# "Chase" season order reduced; moved opposite American Idol



## phrelin (Jan 18, 2007)

If you have become attached to "Chase" you'll be unhappy to learn this report:


> NBC has reduced the order of Jerry Bruckheimer's action drama from 22 episodes to 18.
> 
> The Warner Bros-produced series is currently slated for a midseason run starting Jan. 12, moving from Mondays at 10 p.m. to Wednesdays at 9 p.m. (where it will be introduced to the joy of competing against two-hour American Idol performance shows).


----------



## hdtvfan0001 (Jul 28, 2004)

*KOD* - Kiss of Death.

Shame...had some promise as a series.


----------



## klang (Oct 14, 2003)

I'm a few episodes behind, I'll watch it when I'm caught up on everything else. It's OK but I won't really miss it if it goes away.


----------



## hdtvfan0001 (Jul 28, 2004)

klang said:


> I'm a few episodes behind, I'll watch it when I'm caught up on everything else. It's OK but I won't really miss it if it goes away.

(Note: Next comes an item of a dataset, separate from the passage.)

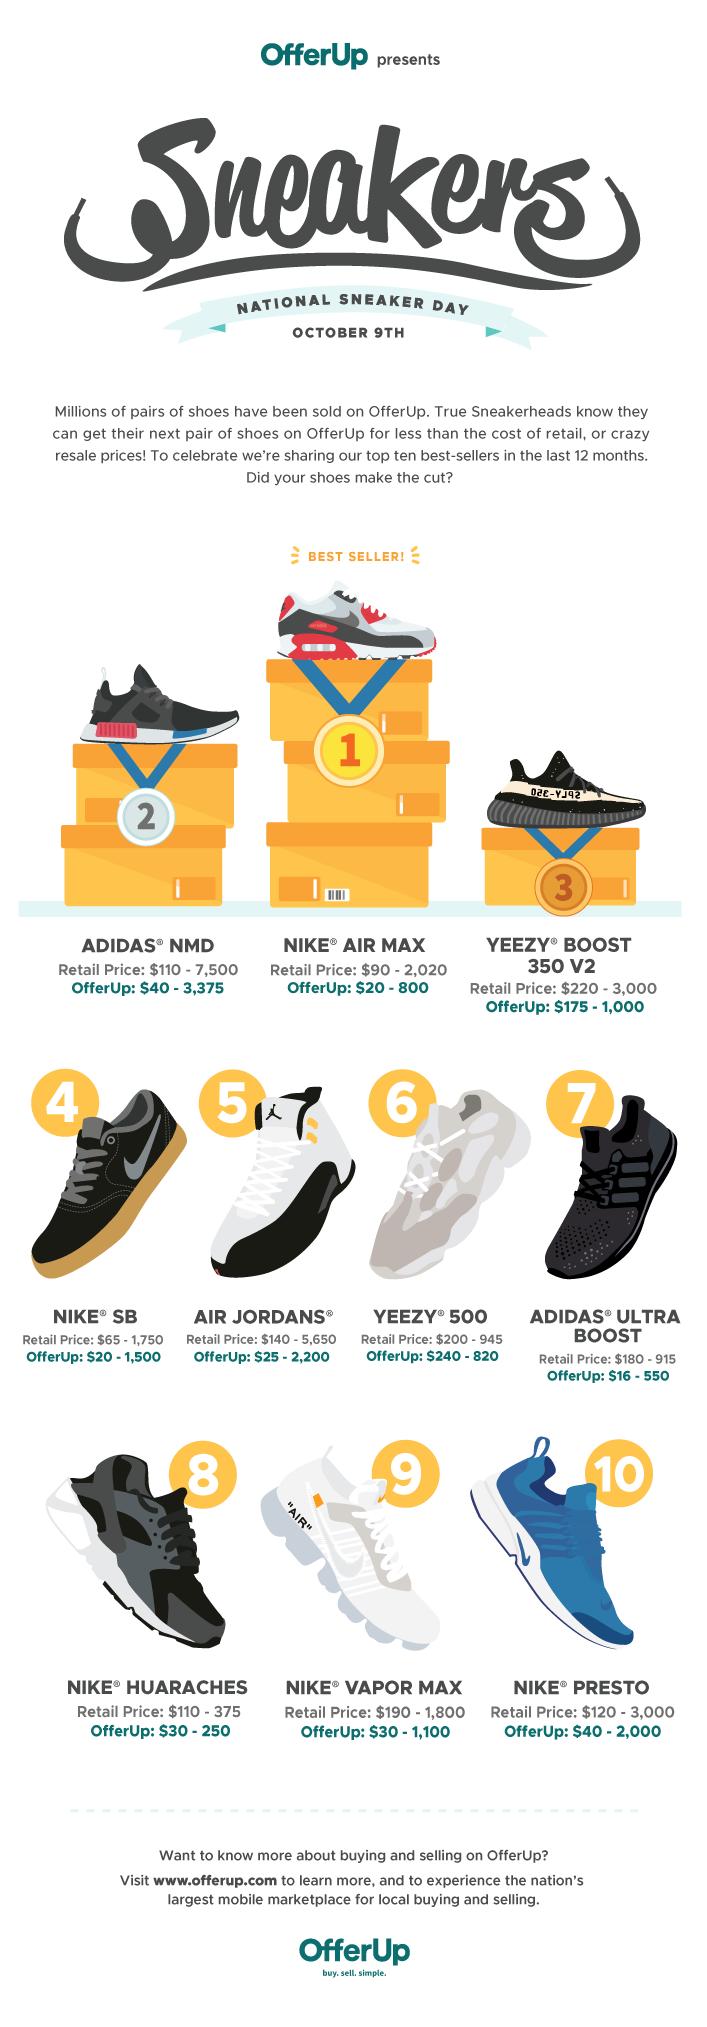 OU_PR-Sneakers_707x2027px_SHORT.png

No guarantee it's going anywhere...but replacing it on the schedule against AI is certainly not going to help ratings (which tends to drive advertising and other related survival considerations).


----------



## RunnerFL (Jan 5, 2006)

I was recording Chase but never watched an episode waiting to see if this happened. I guess I'll just delete Chase now. :lol:


----------



## hdtvfan0001 (Jul 28, 2004)

RunnerFL said:


> I was recording Chase but never watched an episode waiting to see if this happened. I guess I'll just delete Chase now. :lol:


!rolling


----------



## Cholly (Mar 22, 2004)

klang said:


> I'm a few episodes behind, I'll watch it when I'm caught up on everything else. It's OK but I won't really miss it if it goes away.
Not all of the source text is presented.